Multi-lingual Document Processing

Process documents in 60+ languages with automatic language detection. No configuration required.

Sample Document

Download the sample: un-document-spanish.pdf

Supported Languages

Reducto automatically detects and processes these languages:

View all 60+ supported languages

Region	Languages
European	English, German, French, Spanish, Portuguese, Italian, Dutch, Polish, Romanian, Czech, Greek, Hungarian, Swedish, Danish, Finnish, Norwegian, Bulgarian, Croatian, Slovak, Slovenian, Lithuanian, Latvian, Estonian, Albanian, Icelandic, Catalan, Serbian, Macedonian, Belarusian, Ukrainian
Asian	Chinese, Japanese, Korean, Hindi, Bengali, Tamil, Telugu, Marathi, Gujarati, Kannada, Malayalam, Punjabi, Thai, Vietnamese, Indonesian, Malay, Filipino/Tagalog, Khmer, Lao, Nepali
Middle Eastern	Arabic, Hebrew, Persian, Turkish
Other	Russian, Armenian, Yiddish, Afrikaans

The standard OCR handles mixed-language documents automatically. A single document can contain text in multiple languages without any special configuration.

Create API Key

Open Studio

Go to studio.reducto.ai and sign in. From the home page, click API Keys in the left sidebar.

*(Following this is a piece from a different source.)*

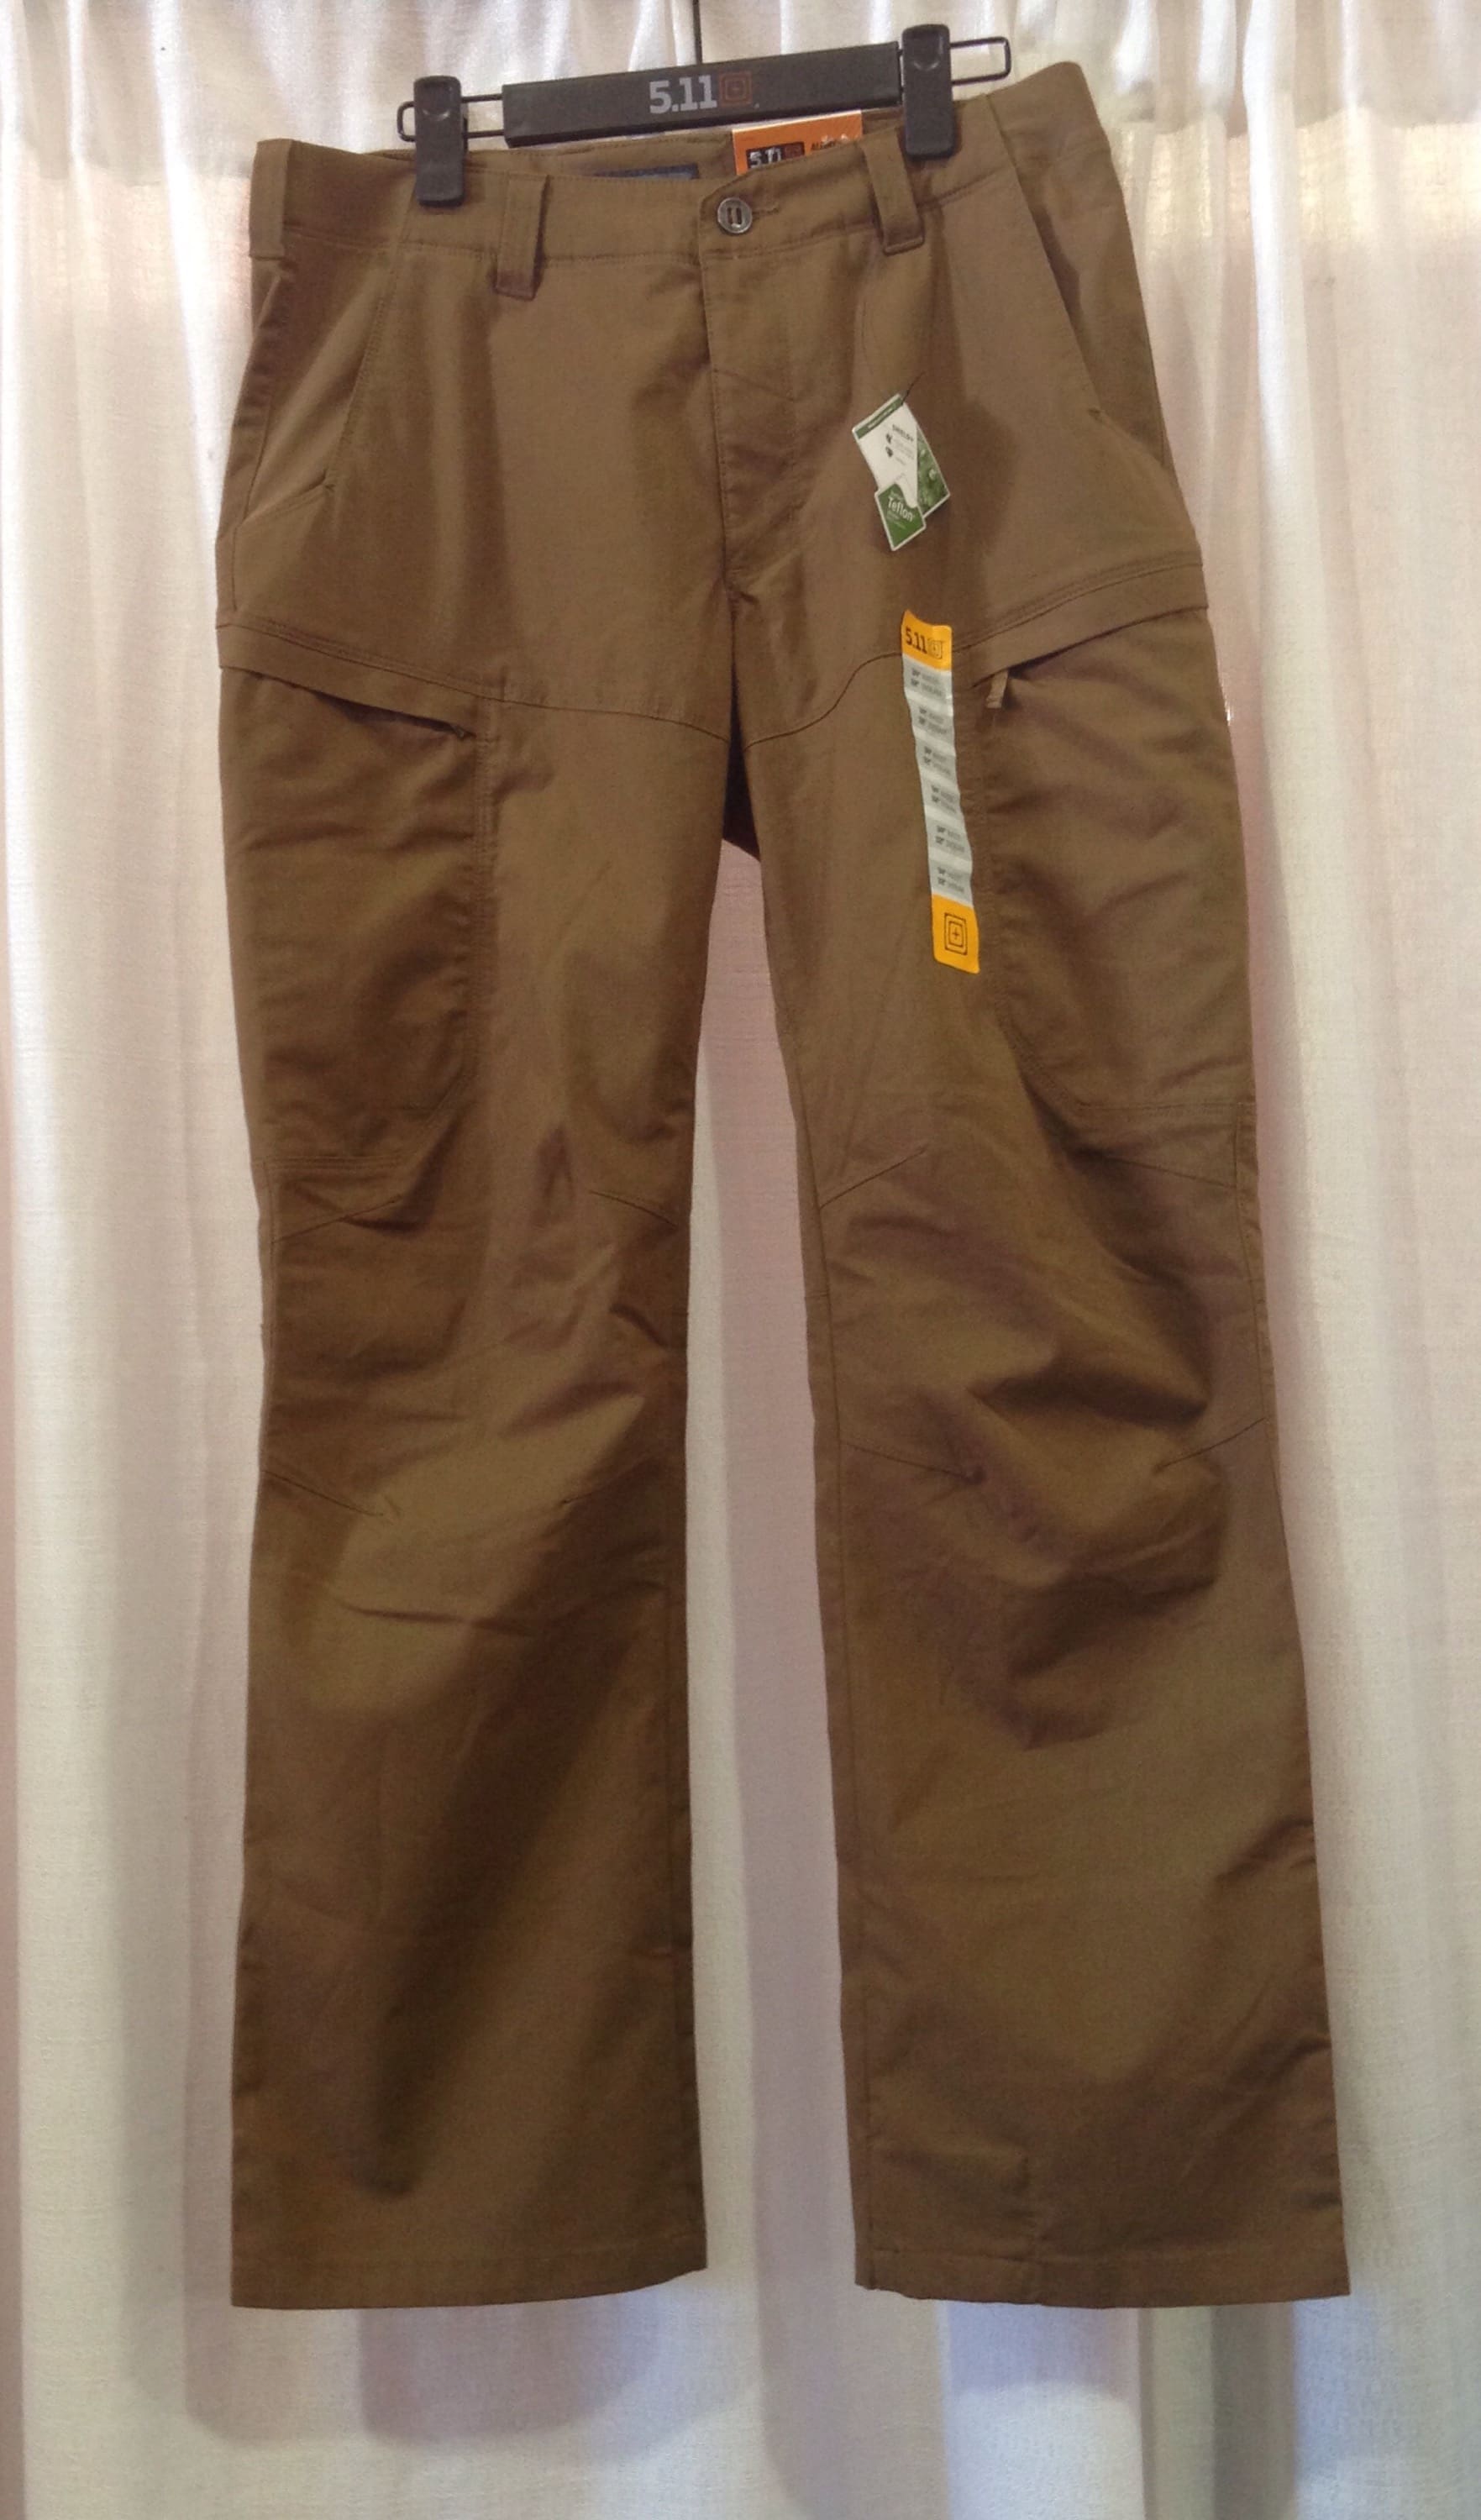 MDM - 5.11 Tactical - Apex Pant - Soldier Systems Daily
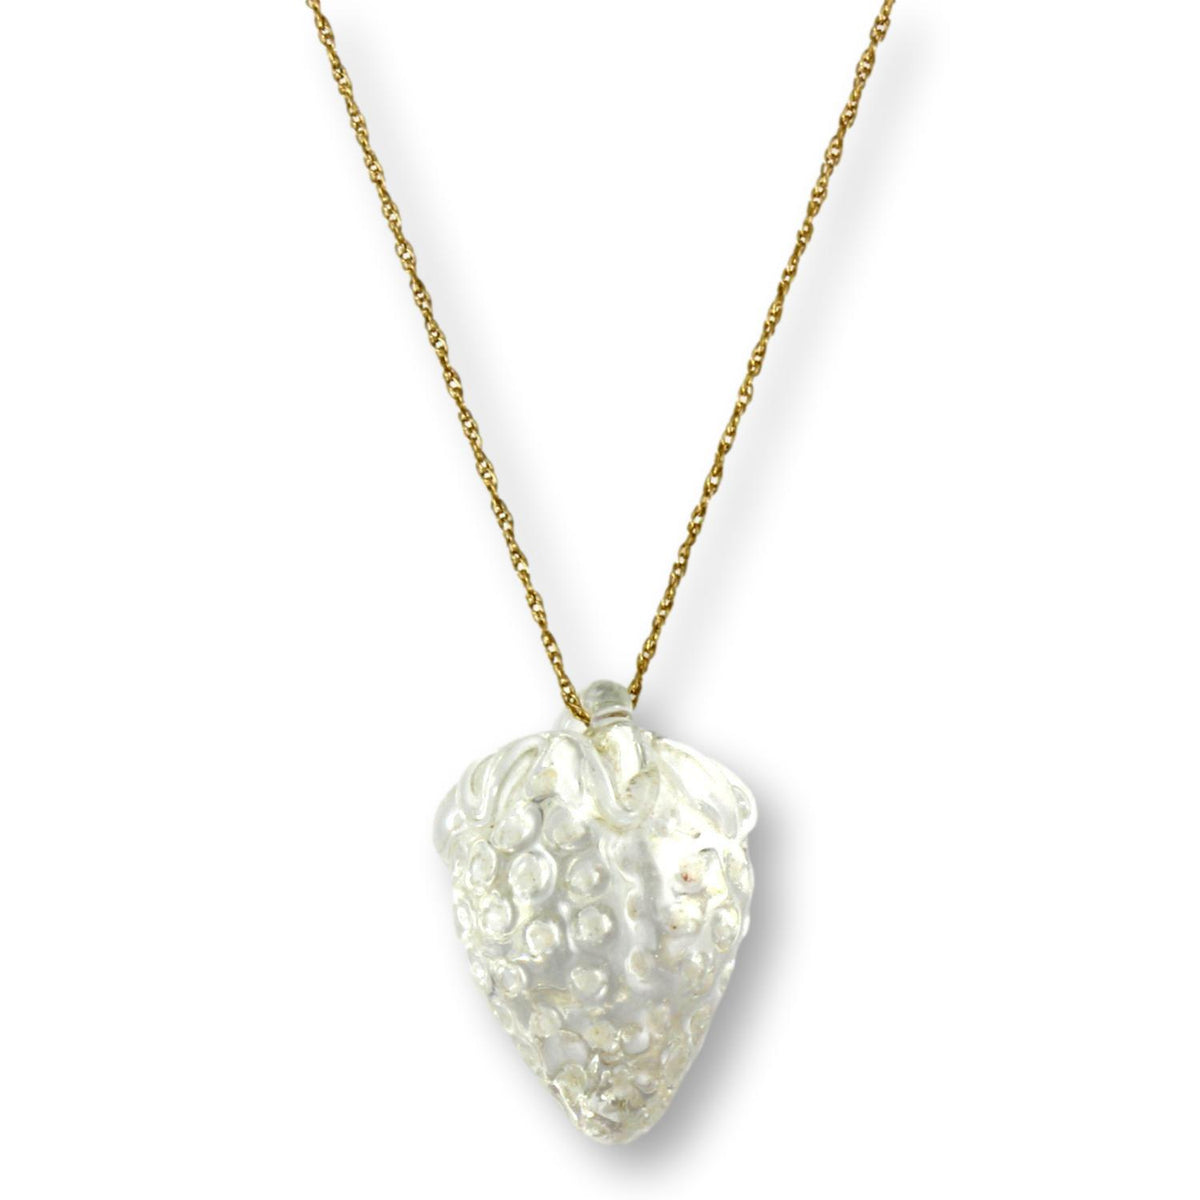 14K Gold Handsculpted Crystal Strawberry Pendant & Chain Necklace

Studio home page with API Keys in sidebar

View API Keys

The API Keys page shows your existing keys. Click + Create new API key in the top right corner.

Configure Key

In the modal, enter a name for your key and set an expiration policy (or select “Never” for no expiration). Click Create.

New API Key modal with name and expiration fields

Copy Your Key

Copy your new API key and store it securely. You won’t be able to see it again after closing this dialog.

Set the key as an environment variable:

export REDUCTO_API_KEY="your-api-key-here"

Studio Walkthrough

Upload and Configure OCR

Upload your multilingual document to studio.reducto.ai. In the Parse view, open the Configurations tab to see OCR settings.

Parse view with Spanish UN document showing OCR settings

Key settings:

Extraction Mode: Use ocr for scanned documents where text is embedded as images. Use hybrid (default) for mixed documents where some pages are native text and others are scans.
OCR System: Keep standard (default) for 60+ language support. The legacy system only supports Germanic languages.

View Extracted Text

Click Run and switch to the Results tab. Reducto extracts text in the original language with proper character encoding.

Parse results showing extracted Spanish text from UN document

Notice how the Spanish text is extracted accurately, including accented characters (á, é, í, ó, ú, ñ) and proper formatting.

Processing Non-English Documents

Basic Usage

No special configuration needed - just parse as usual:

from reducto import Reducto

client = Reducto()

# Upload Spanish document
with open("documento_español.pdf", "rb") as f:
    upload = client.upload(file=f)

# Parse - language is detected automatically
result = client.parse.run(input=upload.file_id)

# Access extracted text
for chunk in result.result.chunks:
    print(chunk.content)

Output Example

From a Spanish UN Security Council document:

Naciones Unidas
S/2025/856

Consejo de Seguridad

Distr. general
30 de diciembre de 2025
Español
Original: inglés

Carta de fecha 29 de diciembre de 2025 dirigida a la
Presidencia del Consejo de Seguridad por el Secretario General

Tengo el honor de referirme a la resolución 2719 (2023) del Consejo de
Seguridad, por la que el Consejo estableció el marco para financiar las
operaciones de paz...

OCR Configuration Options

Extraction Modes

Choose the right mode for your document type:

# For scanned documents (images, old PDFs)
result = client.parse.run(
    input=upload.file_id,
    settings={
        "extraction_mode": "ocr"  # Force OCR, ignore embedded text
    }
)

# For native PDFs with embedded text
result = client.parse.run(
    input=upload.file_id,
    settings={
        "extraction_mode": "metadata"  # Use embedded text only
    }
)

# For mixed documents (default)
result = client.parse.run(
    input=upload.file_id,
    settings={
        "extraction_mode": "hybrid"  # Use metadata first, OCR as fallback
    }
)

Mode	Best For	Speed	Accuracy
`hybrid`	Mixed document sets	Fast	High
`ocr`	Scanned documents	Slower	High
`metadata`	Native PDFs	Fastest	Depends on PDF quality

OCR System Selection

Always use standard for multilingual support:

result = client.parse.run(
    input=upload.file_id,
    settings={
        "ocr_system": "standard"  # 60+ languages (default)
    }
)

The legacy OCR system only supports Germanic languages (English, German, Dutch, etc.). Always use standard for non-Germanic languages.

Mixed-Language Documents

Documents containing multiple languages are handled automatically:

# A document with English headers and Spanish content
result = client.parse.run(input=upload.file_id)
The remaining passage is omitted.